Timothy Szad, Dangerous Sex Offender, Prompts Vermont Town To Issue Dire Warning

Timothy Szad, Dangerous Sex Offender, Prompts Vermont Town To Issue Dire Warning


Correction officials said Thursday they have a new plan for a high-risk sex offender due to be released from prison: He's moving out of state.

The Department of Corrections is notifying police in the place where the sex offender, Timothy Szad, is going but isn't releasing the information publicly, said Dale Crook, the department's director of field supervision.

Officials said last week Szad, 53, would be living with his elderly parents in Springfield, a town of about 9,000 residents, but that plan fell apart after public outcry.

The case highlights a tough dilemma in releasing sex offenders: Correction officials and police sometimes see a requirement to notify the public about the possible danger, but broad notification can generate such opposition that living arrangements can fall apart.

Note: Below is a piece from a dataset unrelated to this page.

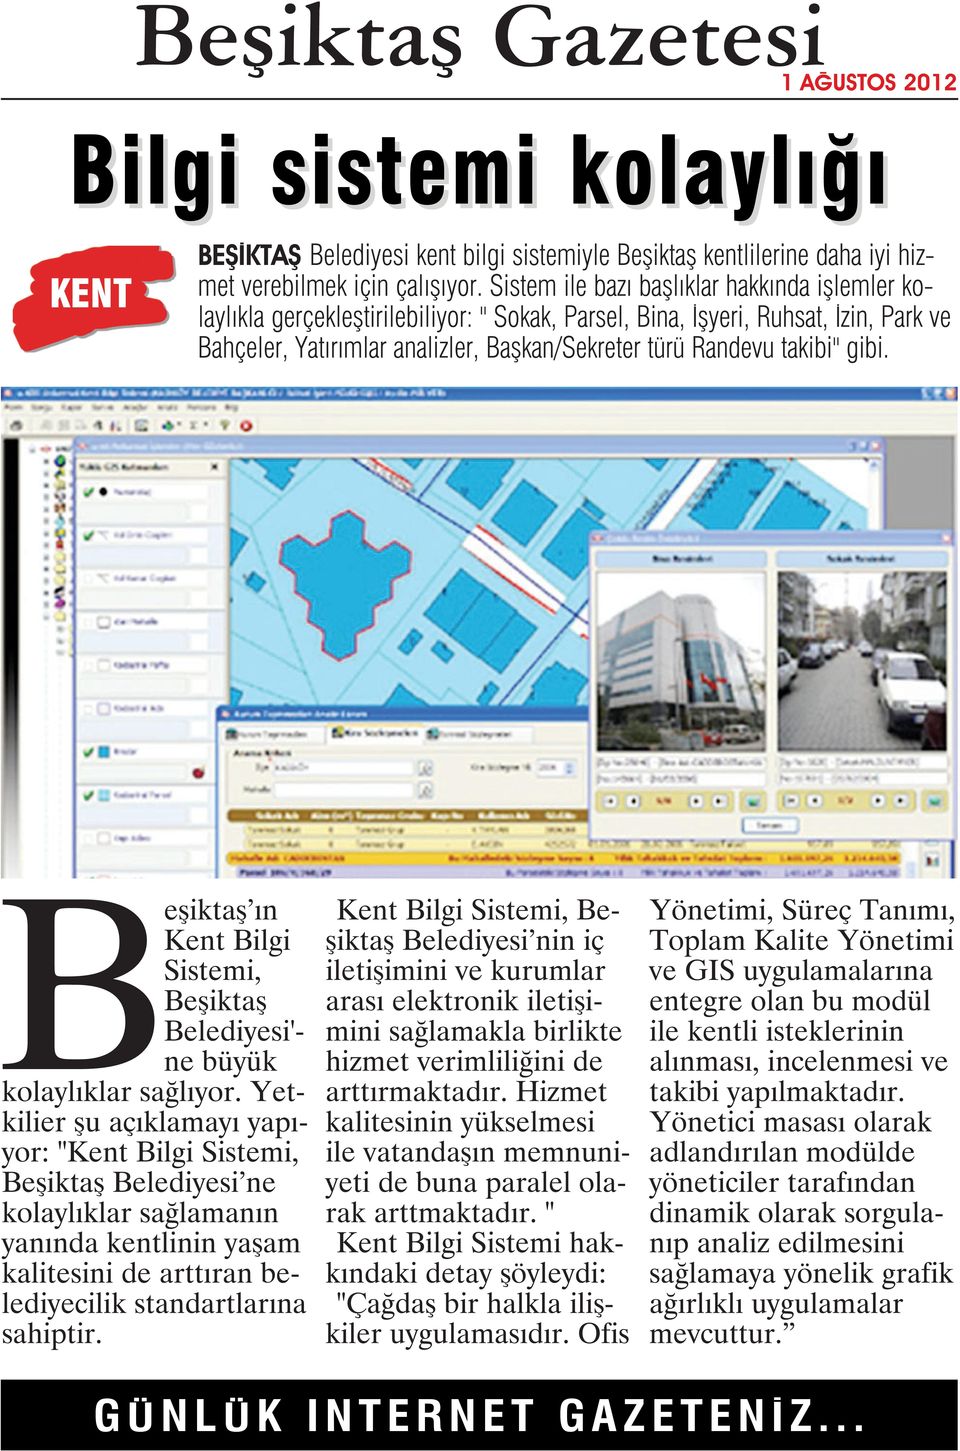 takibi" gibi. Beşiktaş ın Kent Bilgi Sistemi, Beşiktaş Belediyesi'- ne büyük kolaylıklar sağlıyor.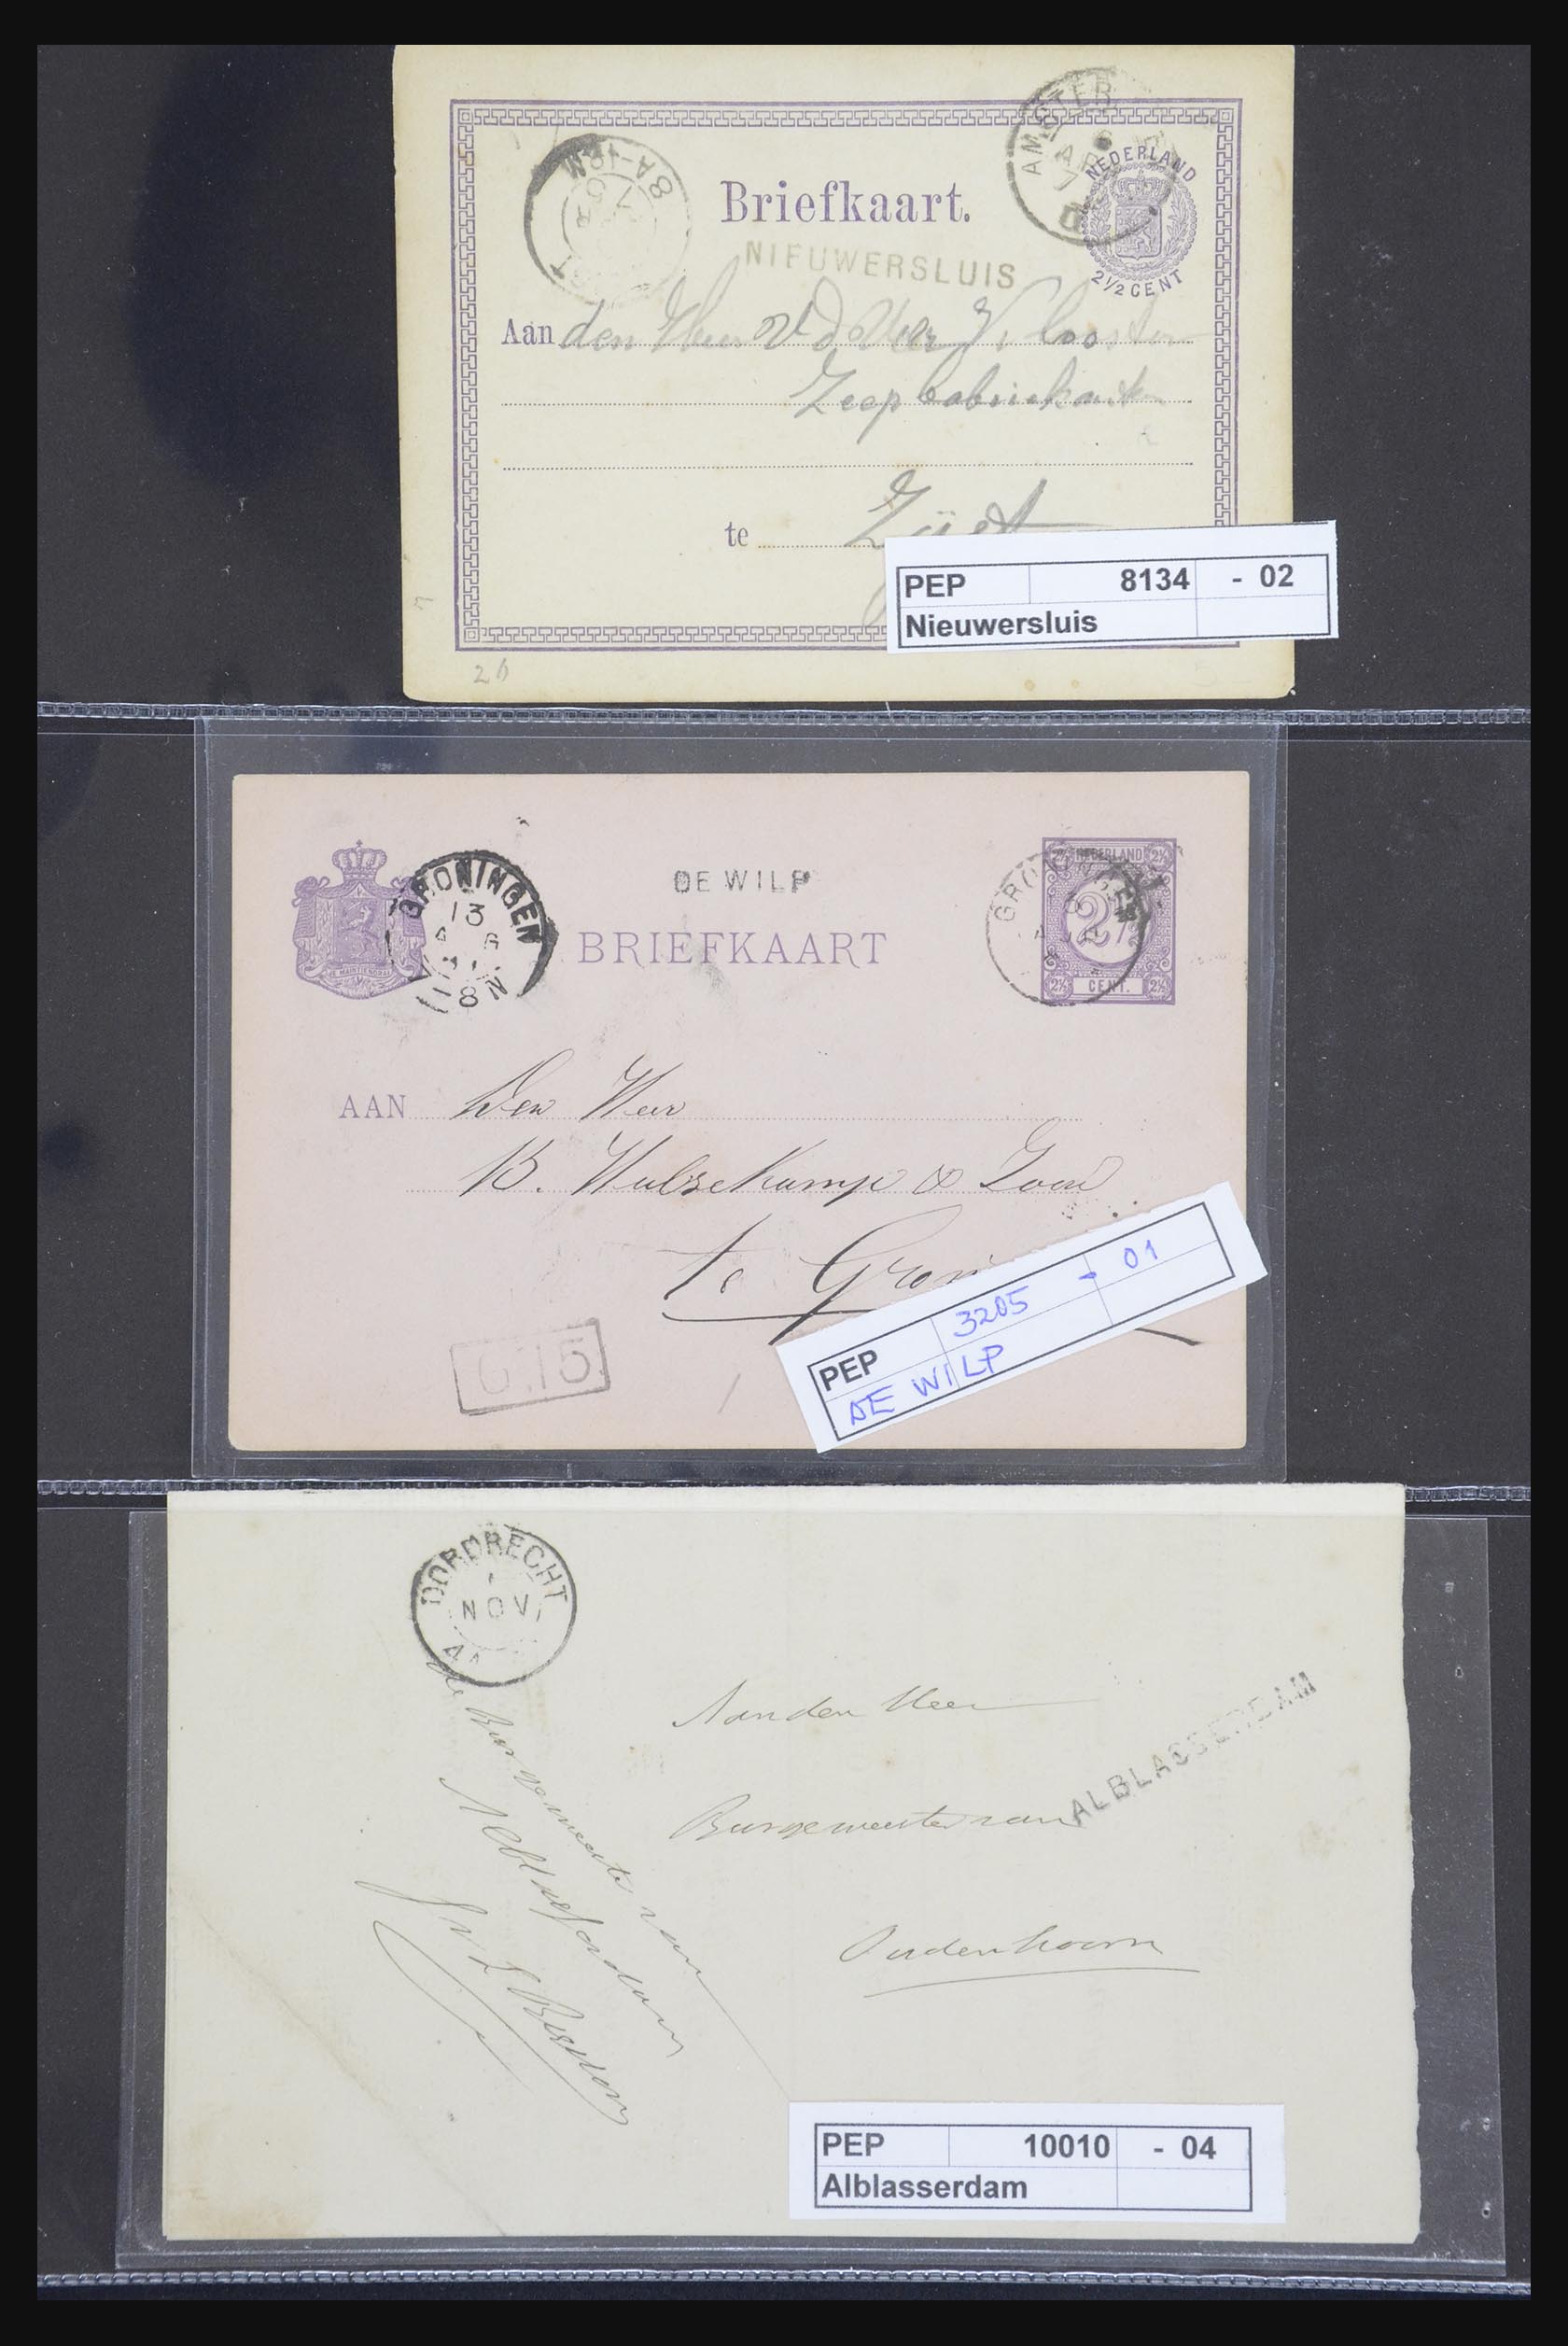 21718 019 - 21718 Briefkaarten met gotische langstempels.

A homeless sex offender is more dangerous than one with a stable place to live, said state Rep. Alice Emmons, chairwoman of the Vermont House committee that oversees correction.

Szad's case has focused attention not only on the state's public-notification practices for sex offenders but on the value and constitutionality of civil commitment laws, which about 20 states use to keep some offenders locked up in mental health facilities after their prison terms.

Timothy Szad, Dangerous Sex Offender, Prompts Vermont Town To Issue Dire Warning

Vermont debated such a law eight years ago and decided against it, said Emmons, who counted herself among the opponents.
"You're holding someone who has not committed a (new) crime," she said. "Do we as a society in Vermont want to do that?"
The executive director of the American Civil Liberties Union's Vermont chapter, Allen Gilbert, said the public needs to accept that sex offenders like Szad get out of prison when they complete their sentences.